PABannier / bark.cpp

Suno AI's Bark model in C/C++ for fast text-to-speech
MIT License
630 stars 48 forks source link
inference machine-learning text-to-speech

bark.cpp

bark.cpp

Actions Status License: MIT

Roadmap / encodec.cpp / ggml

Inference of SunoAI's bark model in pure C/C++.

Description

With bark.cpp, our goal is to bring real-time realistic multilingual text-to-speech generation to the community.

Models supported

Models we want to implement! Please open a PR :)
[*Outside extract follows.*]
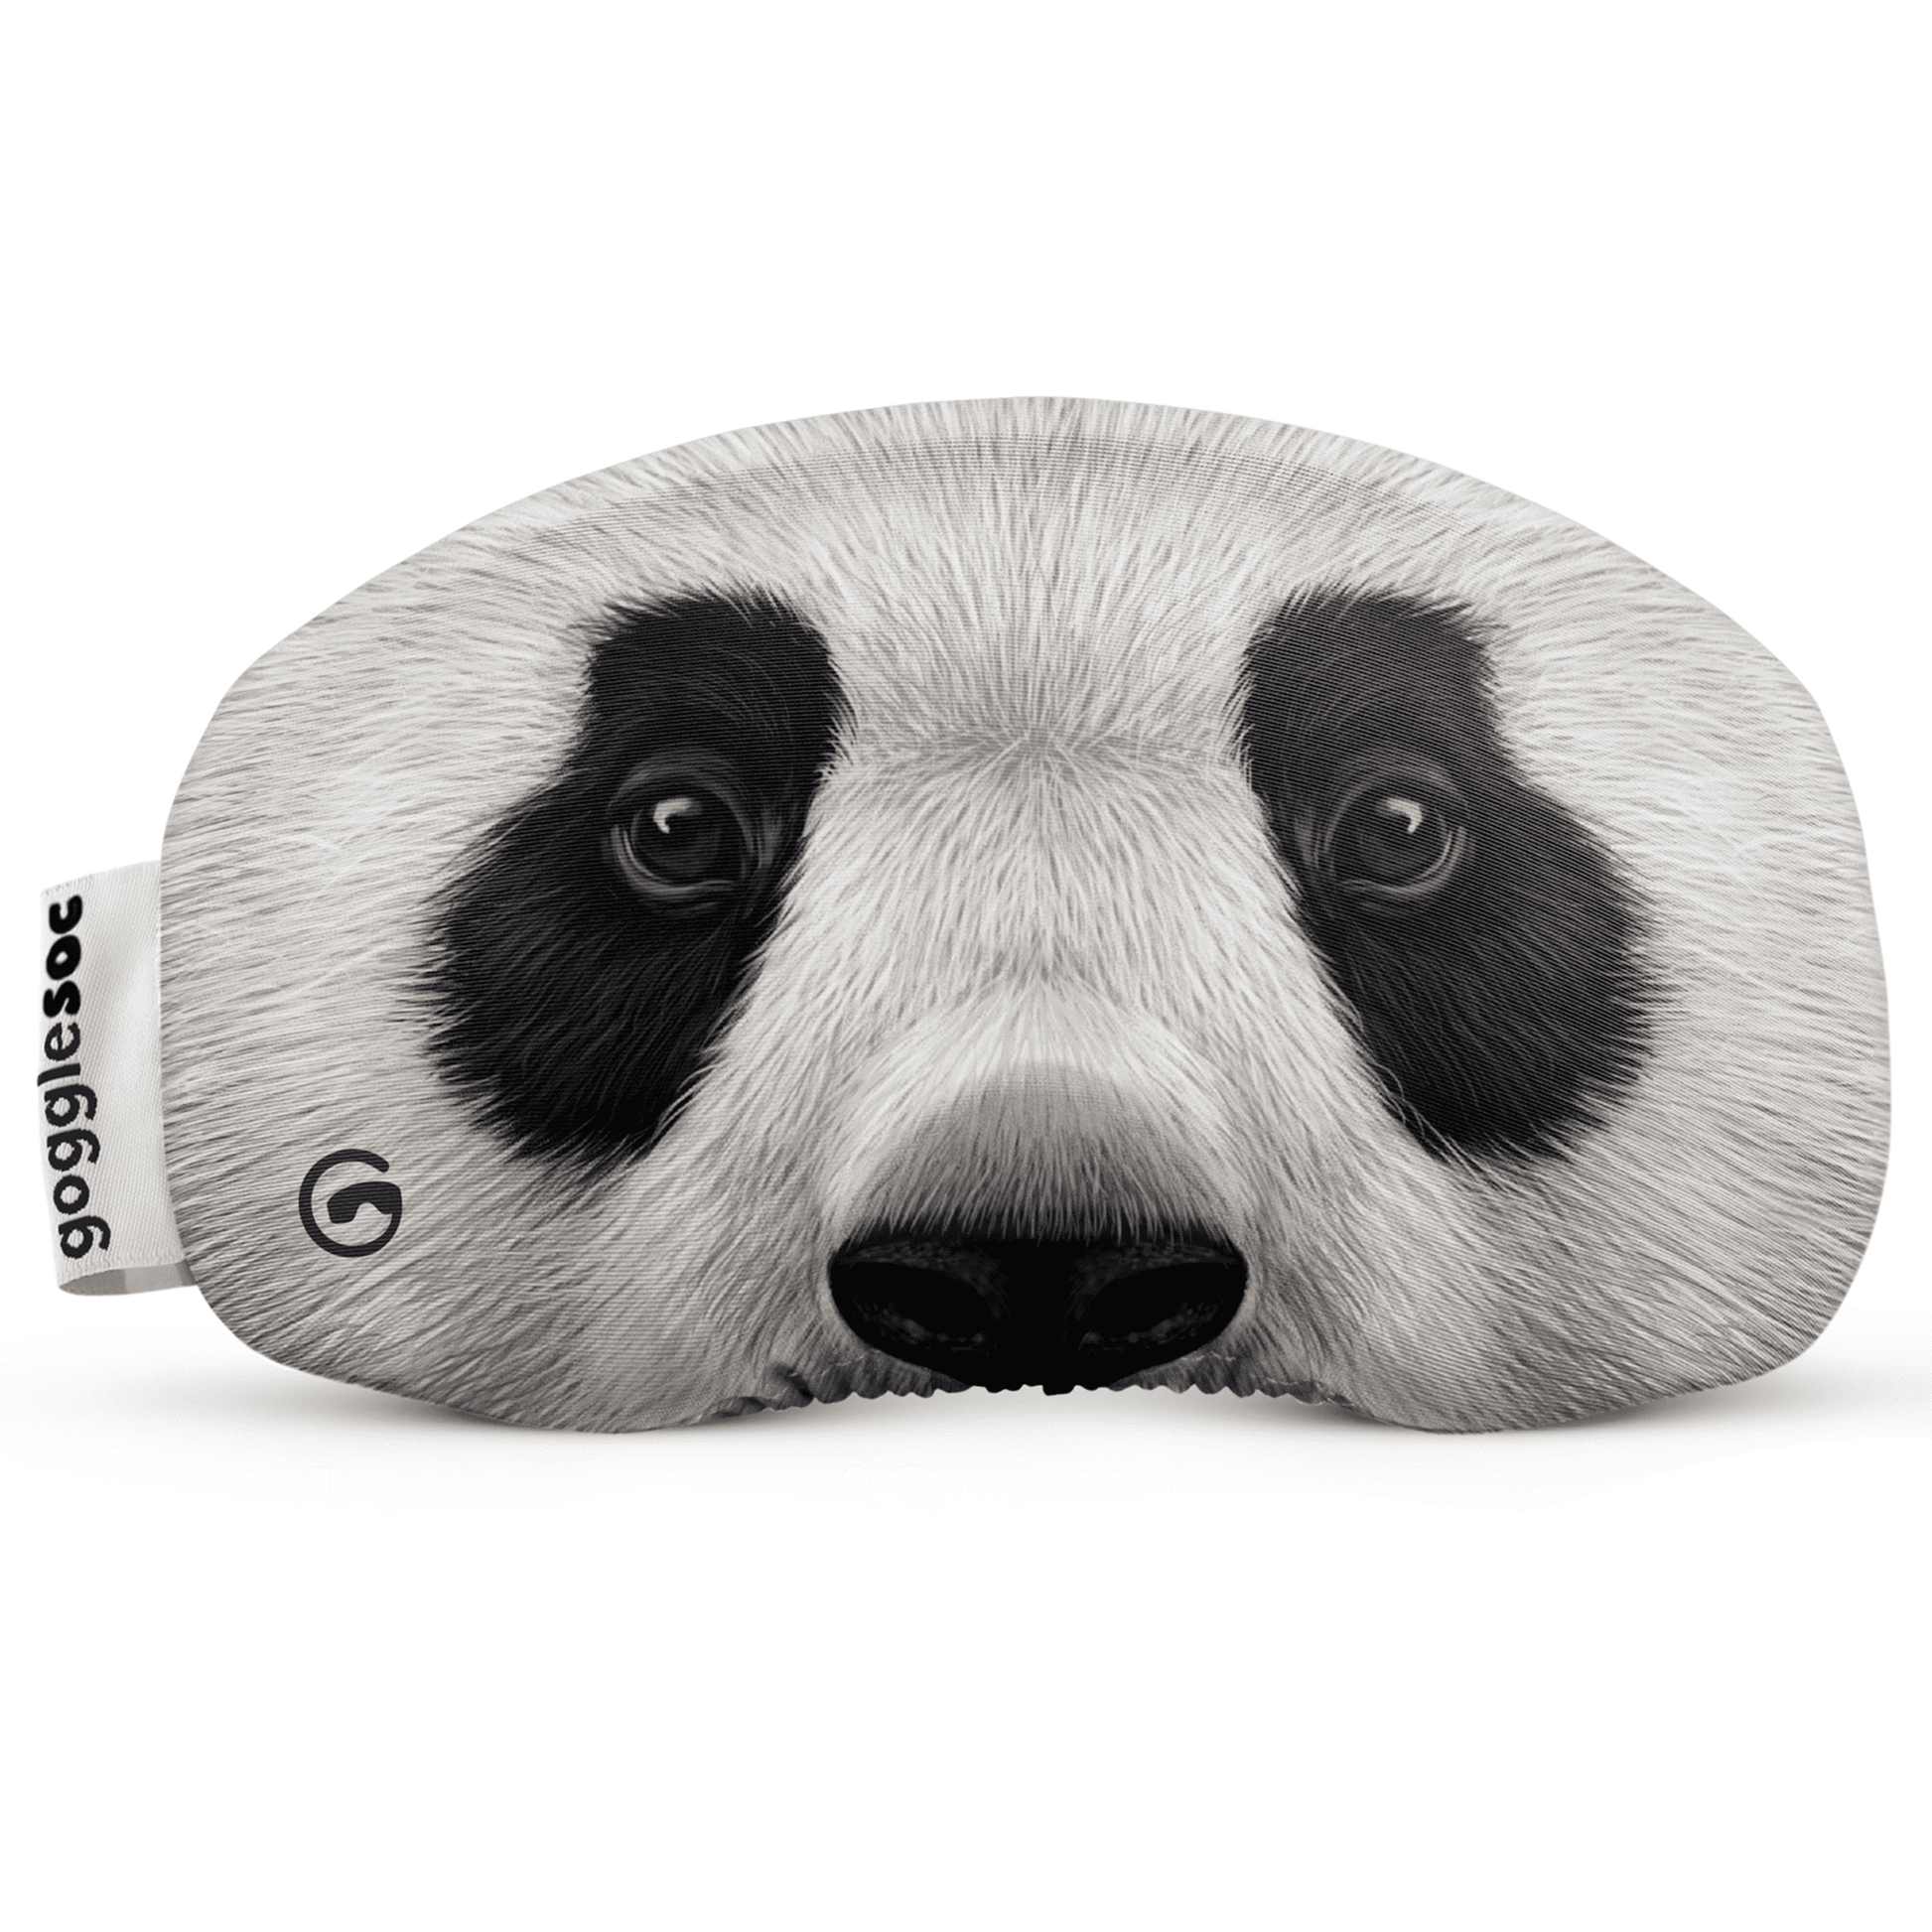 Gogglesoc - Panda Soc

Demo on Google Colab (#95)


Here is a typical run using bark.cpp:

./main -p "This is an audio generated by bark.cpp"

   __               __
   / /_  ____ ______/ /__        _________  ____
  / __ \/ __ `/ ___/ //_/       / ___/ __ \/ __ \
 / /_/ / /_/ / /  / ,<    _    / /__/ /_/ / /_/ /
/_.___/\__,_/_/  /_/|_|  (_)   \___/ .___/ .___/
                                  /_/   /_/

bark_tokenize_input: prompt: 'This is an audio generated by bark.cpp'
bark_tokenize_input: number of tokens in prompt = 513, first 8 tokens: 20795 20172 20199 33733 58966 20203 28169 20222

Generating semantic tokens: 17%

bark_print_statistics:   sample time =    10.98 ms / 138 tokens
bark_print_statistics:  predict time =   614.96 ms / 4.46 ms per token
bark_print_statistics:    total time =   633.54 ms

Generating coarse tokens: 100%

bark_print_statistics:   sample time =     3.75 ms / 410 tokens
bark_print_statistics:  predict time =  3263.17 ms / 7.96 ms per token
bark_print_statistics:    total time =  3274.00 ms

Generating fine tokens: 100%

bark_print_statistics:   sample time =    38.82 ms / 6144 tokens
bark_print_statistics:  predict time =  4729.86 ms / 0.77 ms per token
bark_print_statistics:    total time =  4772.92 ms

write_wav_on_disk: Number of frames written = 65600.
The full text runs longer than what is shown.